Regrettably, though, Norman could not accommodate a meeting with Mr Whiskers, not right then, or the next day, for that matter. Mr Whiskers was tied up with meetings.
Thomas smoothed it all over. There was enough to occupy them with the swimming pool and the buffet breakfast and the pay-per-view movies and room service. Then there were the museums along the Lake Shore that they could visit.
The room, and whatever they ordered, it was all on Norman’s credit card.
Down in the Loop, Norman went to an ATM to withdraw money for incidentals. Thomas’s expression was one of abiding thanks as he accepted the money.

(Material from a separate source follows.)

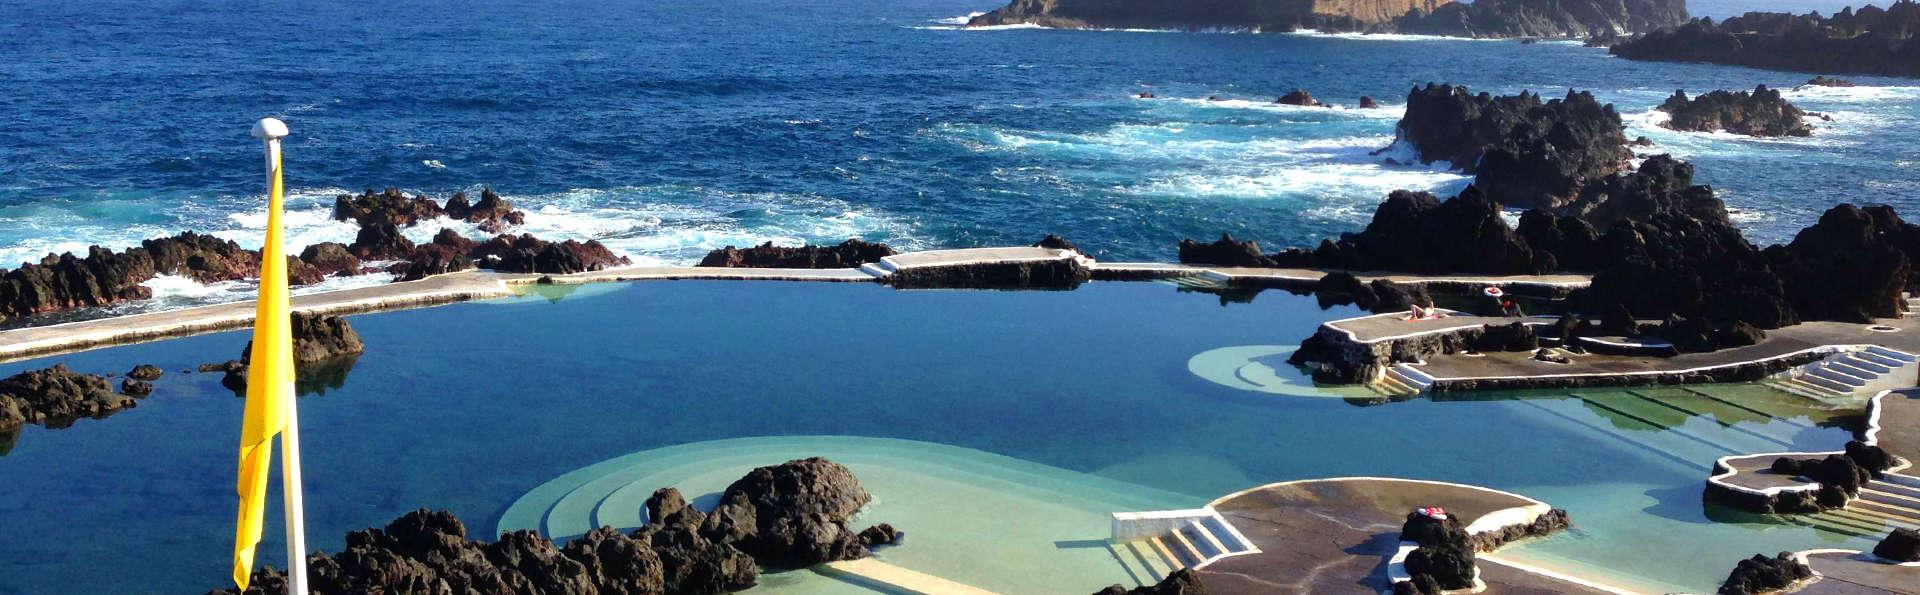 Aqua Natura Madeira Hotel - EDIT_Pool.jpg

There was a deep-dish pizza they should try and a Chicago-style hot dog. There was so much Norman might have advised them to see — a pair of beluga whales at the aquarium, circling ghosts of strange discontent, alive and without hope, these creatures that once ranged oceans.
Norman’s head was partway in the open car door before he left. Lee-Ann was holding Sherwood. He was in her lap still, smiling, like this meant everything in the world to him, which it did at that moment, and Norman thought this was perhaps the rush of what Mr Feldman had felt on the occasion of his kindness, and that Mr Feldman had done what he could, in the damaged way his life had turned out, in the loss of his son to war, and probably so much more that Norman would never quite know or ever understand.
Lee-Ann reached and shook Norman’s hand. She leaned so her cleavage showed. It was purposeful and intended. She smiled in so doing it. She had a sex men yearned for, and she could torment a heart for a number of years yet. It was her true essence, no matter the prevailing politics or attitudes of political correctness. She had on the same dress and flip-flops, and this city would see something so rarely seen anymore, a woman of no prospects and rising spirits intent on enjoying life.
23
DOWN ON THE street below his hotel window, Nate could hear the sound of traffic. There were people everywhere. He had lost a certain perspective, an ability to see in the way one loses a sense of depth perception on the tundra. The Eskimo compensated and learned to see the world through a slit in a piece of bone. He was doing it through the split of blinds. His eyes hurt and adjusted. It was snowing.
The projector was a heavy gunmetal grey contraption with a dead weight not found anymore in objects. It had once been the property of the Elgin Public School System. It said so on a metal tag, a projector undoubtedly used to address and educate a conflagration of life’s great conflicts in the fifties — Sex Education and the Cold War.